楔~くさび~


次のクールもドラマに出ることになり、私は大学と仕事の両立でとても忙しかった。


でも逆にそれがよかったのかもしれない。


その間はマオを忘れられたから。


そんなある日。


仕事が終わって深夜2時。


疲れきってエレベーターで部屋までのぼる。


バッグから鍵を出して、・・・目をあげるとその瞬間、私の部屋の前でたってるマオを見つけた。


「マオ・・・」


「ピカ。何で?どうして電話に出てくれないの?家に来ても出てくれないし。何があったんだよ」


「は?それはこっちのセリフだし」


鍵を開けて部屋に入ろうとする。マオが部屋の扉を強引に開ける。


「ちょっと、やめてよ。大声だすよ」


「オレ、何かしたか?」


「自分が一番わかってんじゃないの?」



そのとき、マオが一瞬戸惑った顔をした。


「ピカ。

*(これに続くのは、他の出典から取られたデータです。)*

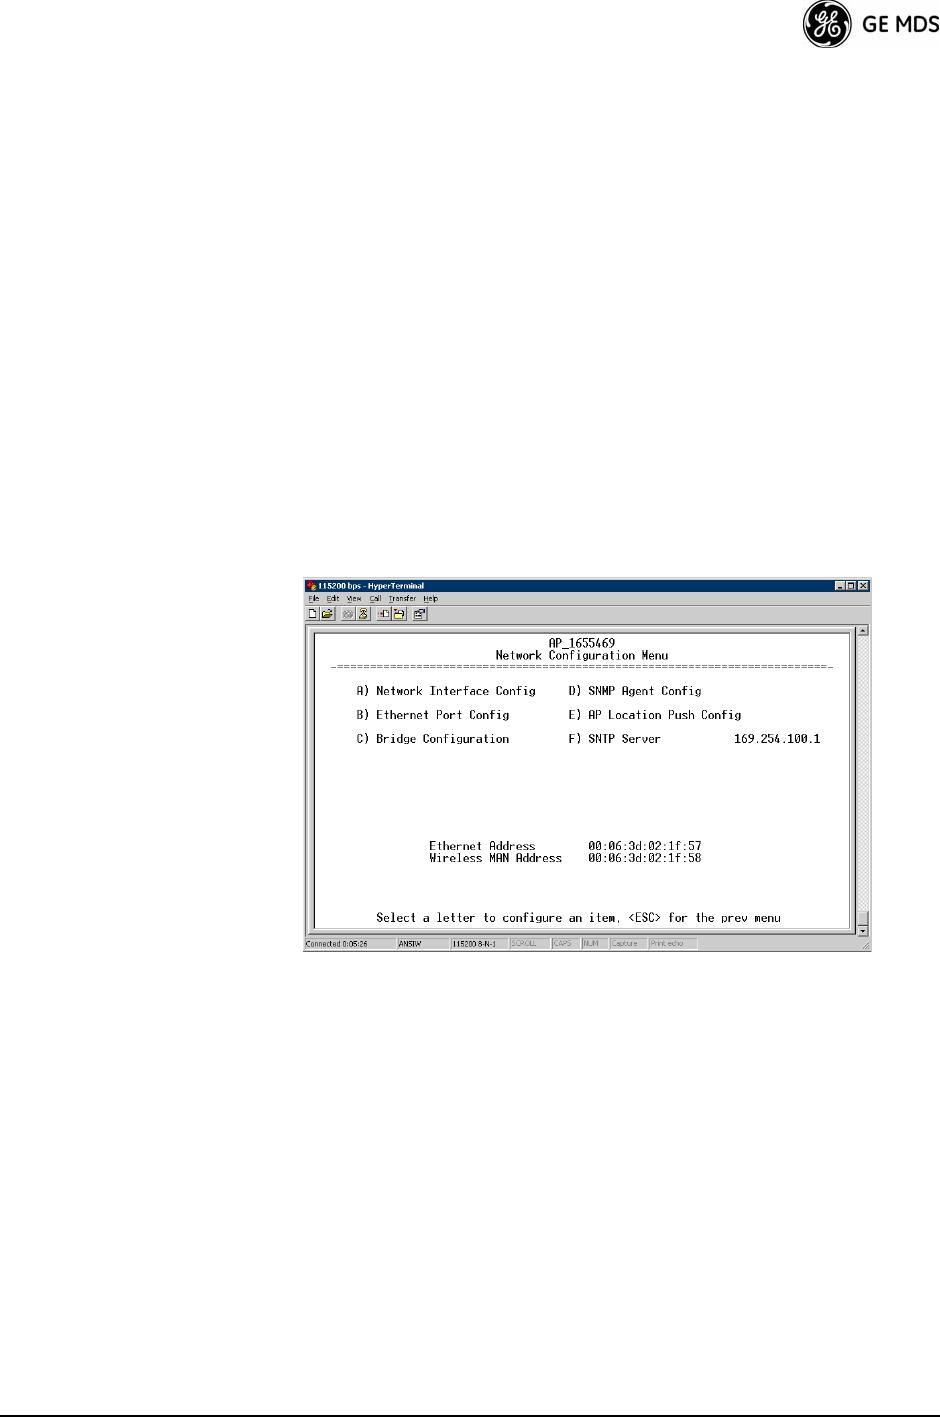 GE MDS DS-MERCURY3650 Wireless IP/Ethernet Transceiver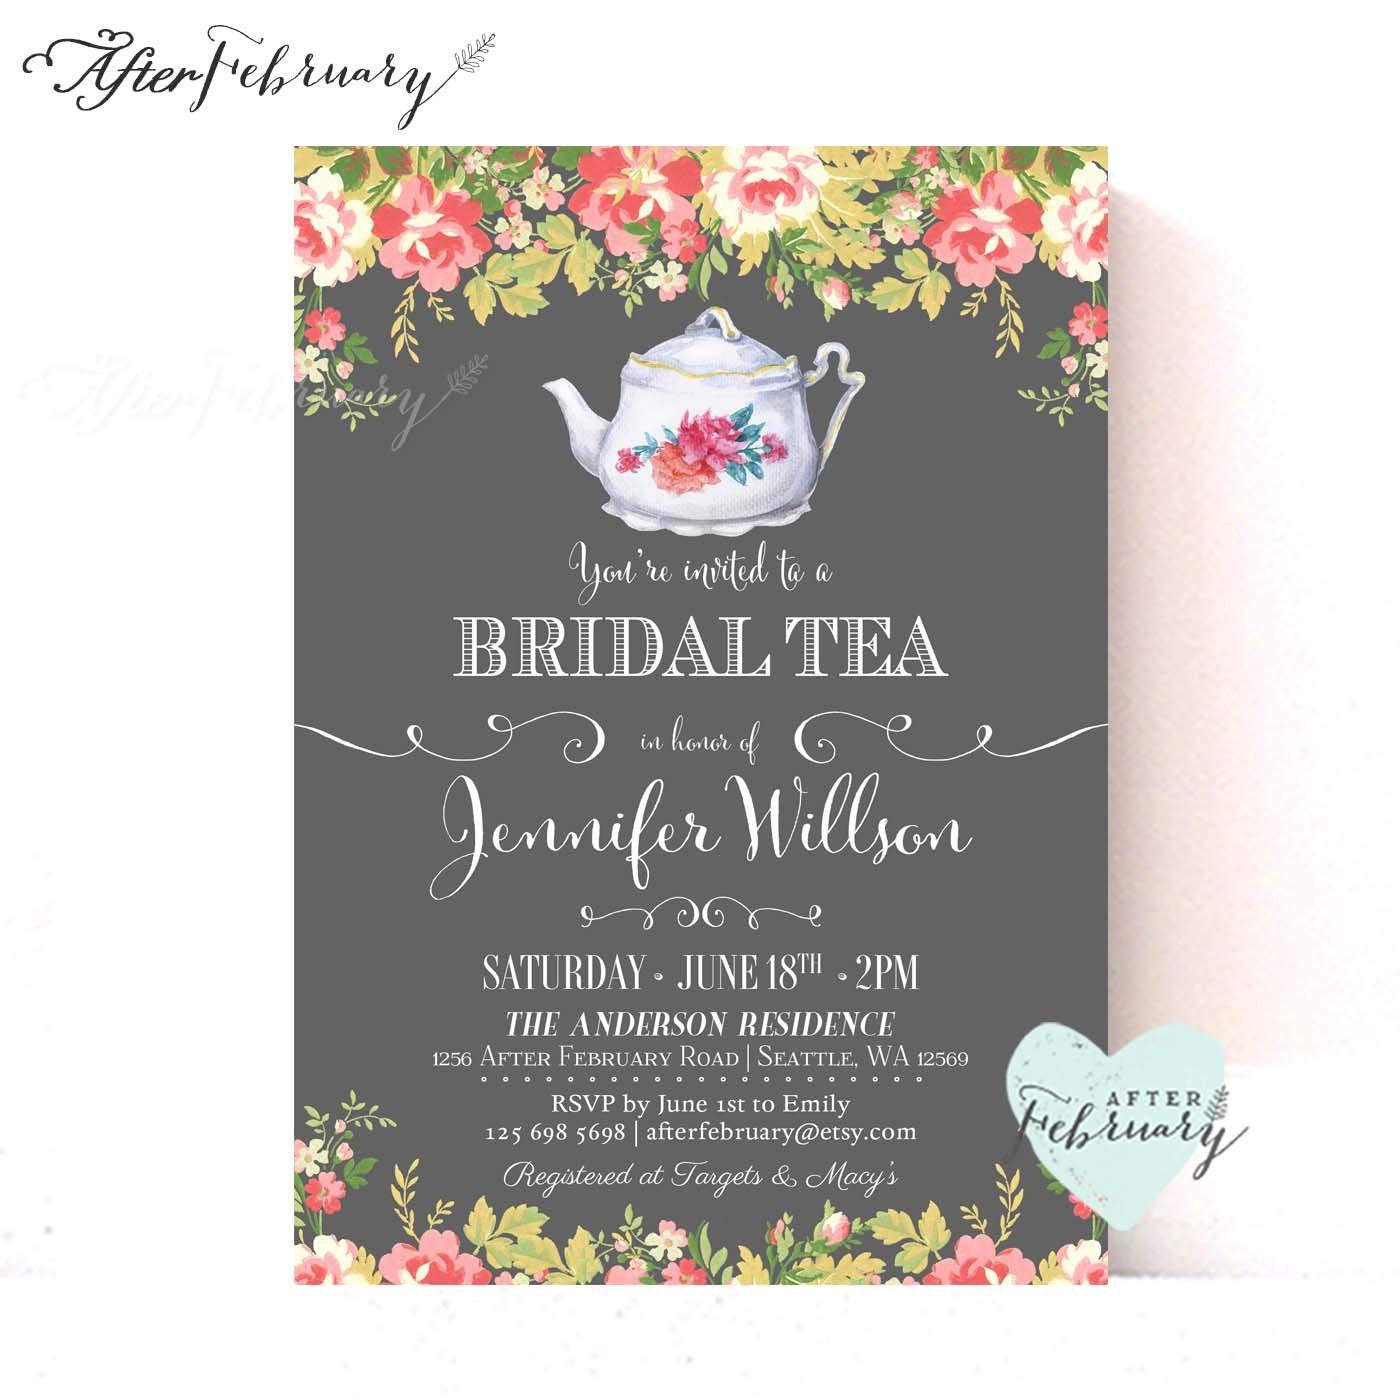 Bridal Shower Tea Party Invitations // Bridal Shower Tea Party

確かに嘘をついてたことがある。今日はそのことをちゃんと話そうと思ってきたんだ」


「もうダメ。私はダメ。マオがわかんなくなった。マオの気持ちがわからない。別れよう」



マオの顔色が変った。


「ちょっと待って。ピカ、聞いてくれよ」



そのとき、マオの携帯が鳴った。


「出れば?どうせチサからでしょ?」


少し電話で話をしてたマオが電話を切った。


「ごめん。仕事でトラブルがあったみたいで。終わったら、すぐに戻るから待っててくれる?」


「イヤ」


「お願いだ、ピカ。オレの話を聞いてくれよ」


「早く行けば」


ドアを閉めた。



マオ、そこで途絶えてしまったんだね。私たちの赤い糸は切れちゃったんだね・・・。